Принцип национальности



Автор:
Константин Крылов




Дата публикации:
февраль 2002







Предмет:
Национализм


Как известно, в России слово «национализм» считается ругательным, а «националист» — если, конечно, это русский националист — есть главный враг всего живого и светлого. Интересно, что в этом отношении наши либералы полностью солидарны со своими политическими антиподами, коммунистами, которые в своё время тоже очень лихо давили «национальную гордость великороссов». Во всех остальных «бывших советских государствах» национализм, напротив, не только не преследуется, но является официальной государственной доктриной. Что и неудивительно: само существование этих государств обязано известному националистическому принципу — «праву наций на самоопределение», почитаемому в современном мире священным и неприкосновенным, как индийская корова.

Правда, во всяких важных международных документах записан ещё один, не менее священный принцип — неприкосновенность существующих границ. Поскольку же эти два великих принципа явно противоречат друг другу, то Международное Сообщество в лице его лучших представителей (то есть, прежде всего, американцев) имеет право использовать любой из этих принципов, в зависимости от настроения. Например, курды в Ираке — это угнетённое меньшинство, имеющее безусловное право на национальное самоопределение вплоть до отделения. А точно такие же курды-сепаратисты в Турции — это агрессивные сепаратисты, нагло посягающие на неприкосновенность границ страны, где они имеют счастье проживать. Догадайтесь с трёх раз, откуда такая разница в отношениях? Вот то-то.

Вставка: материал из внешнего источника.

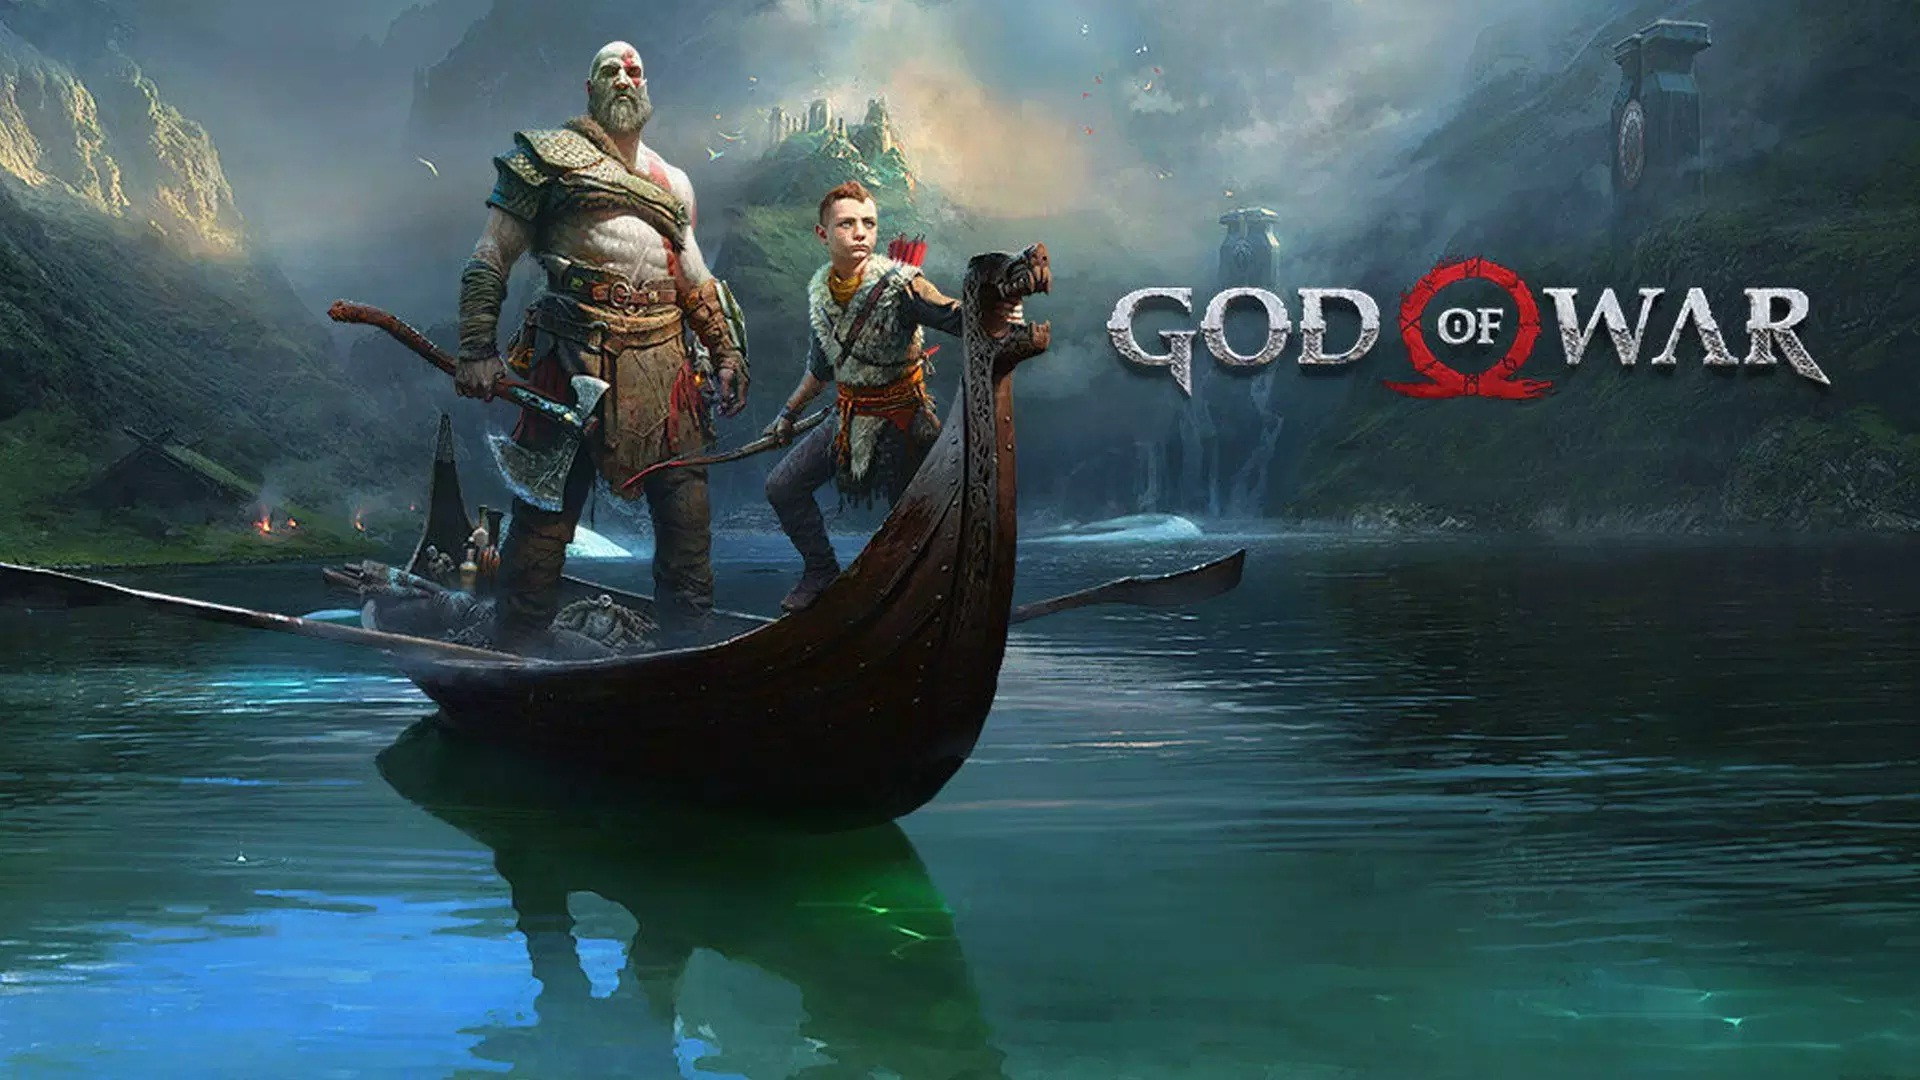 God of War, l'upgrade PS5 è ufficiale: ecco i dettagli

Не будем всё сводить к политическому цинизму. Не надо грязи — её и так достаточно. В конце концов, «право на самоопределение» имеет некоторые основания быть. Случаются же такие ситуации, когда в какой-нибудь стране один из населяющих её народов подвергается всяким притеснениям. Скажем, те же турки времён Османской империи не слишком-то хорошо относились к православным грекам. И что им, терпеть? За свободу греков, между прочим, ратовали не худшие люди Европы. Например, Байрон, оставивший поэзию ради личного участия в святом деле. Он отправился в Грецию воевать — и в 1824 году умер от лихорадки в грязных Миссолунгах. Это уже не спишешь на вражеские козни.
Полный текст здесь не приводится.